WHAT YOU WILL DO
Among the entries below, one stretch runs from the line that contains "sketch paint photoshop" through the line that contains "Kitchen Island Storage Stockfotos". Repeat that stretch exactly, ends included, and only that.

------ SUPPLIED MATERIAL ------

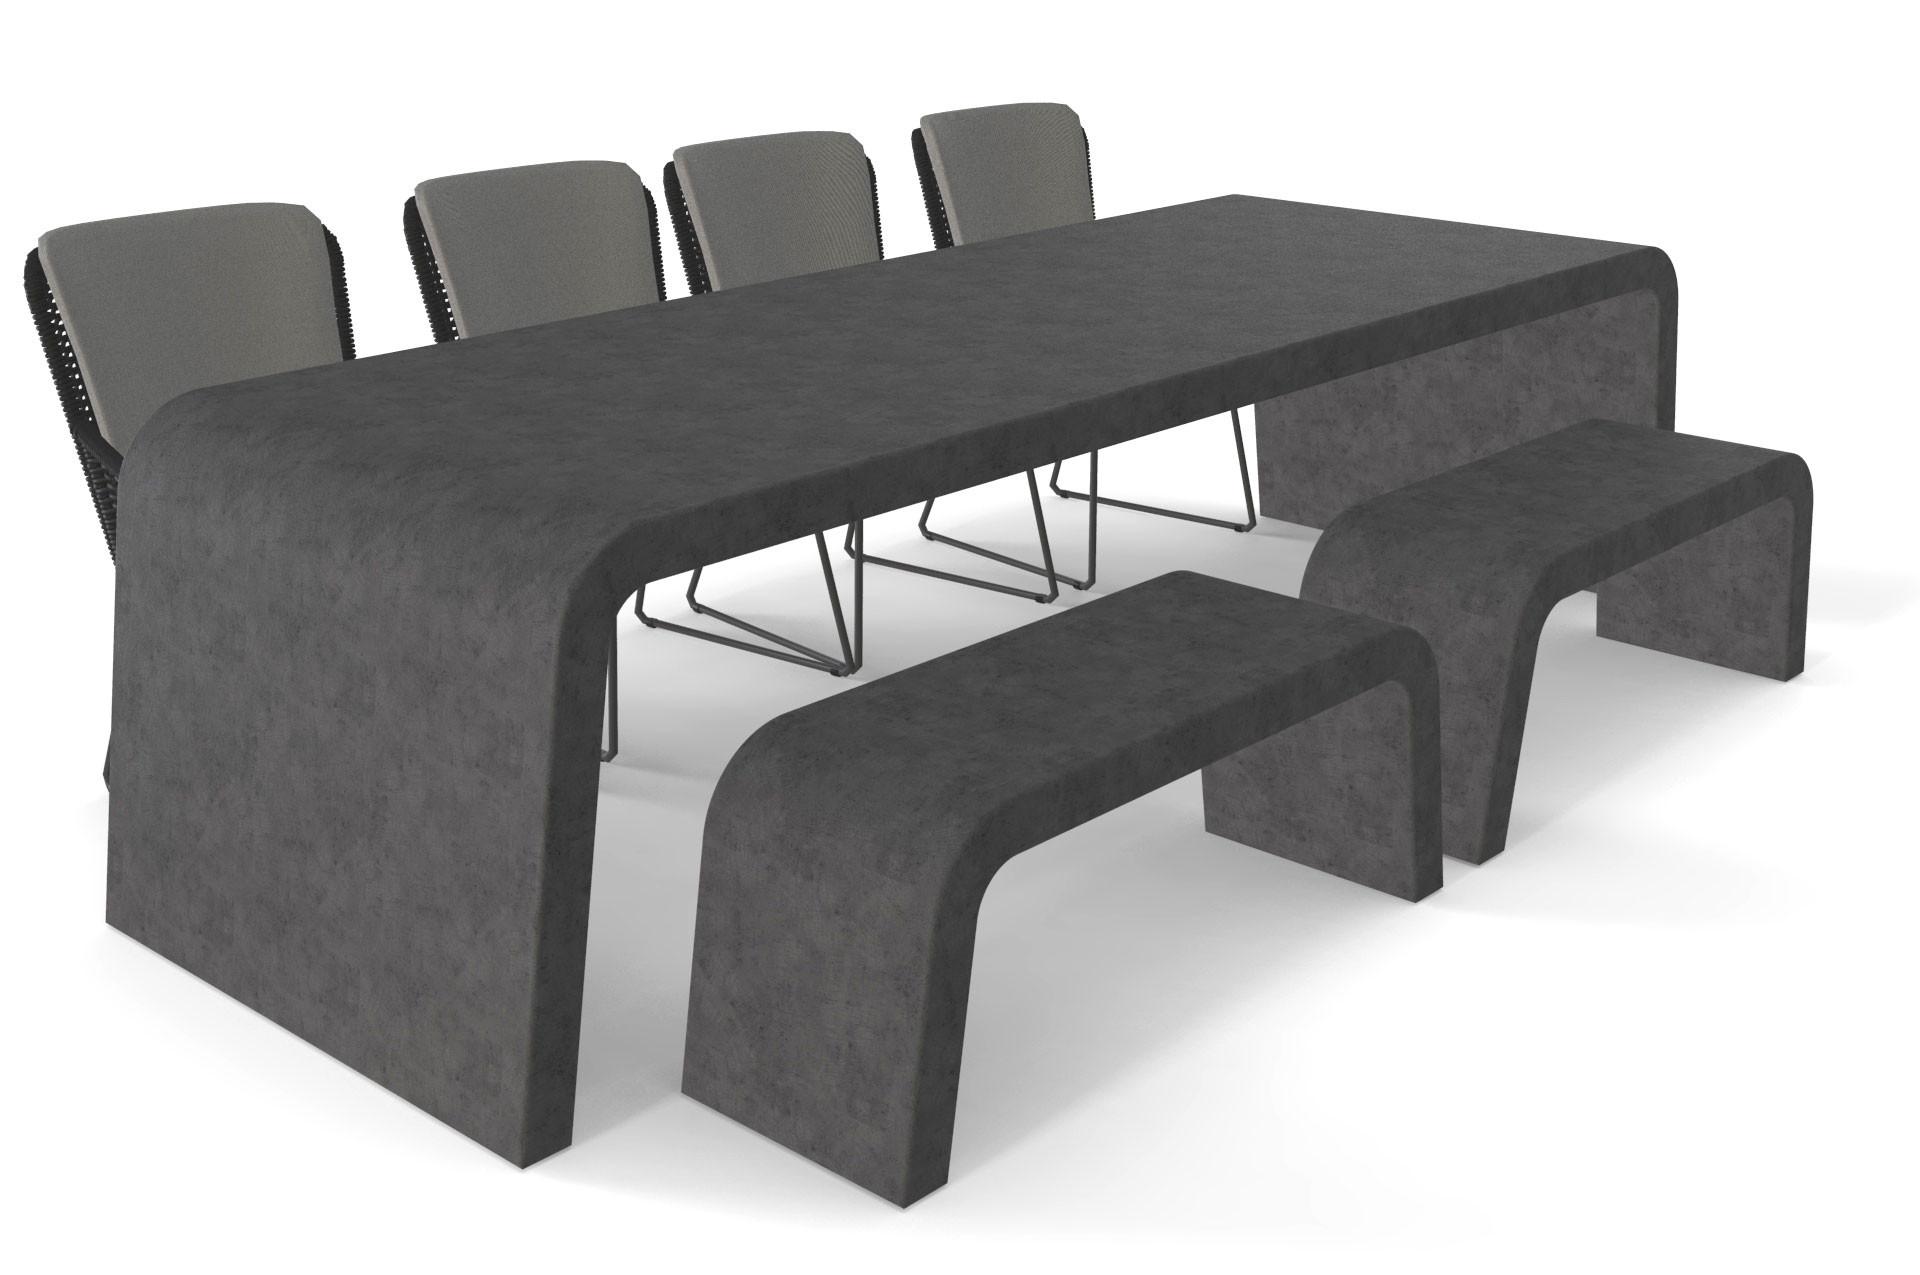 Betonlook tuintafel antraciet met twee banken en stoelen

------
------ SUPPLIED MATERIAL ------

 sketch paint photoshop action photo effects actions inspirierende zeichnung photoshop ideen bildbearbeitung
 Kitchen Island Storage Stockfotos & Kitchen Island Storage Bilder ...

------

RESPONSE
 sketch paint photoshop action photo effects actions inspirierende zeichnung photoshop ideen bildbearbeitung
 Kitchen Island Storage Stockfotos & Kitchen Island Storage Bilder ...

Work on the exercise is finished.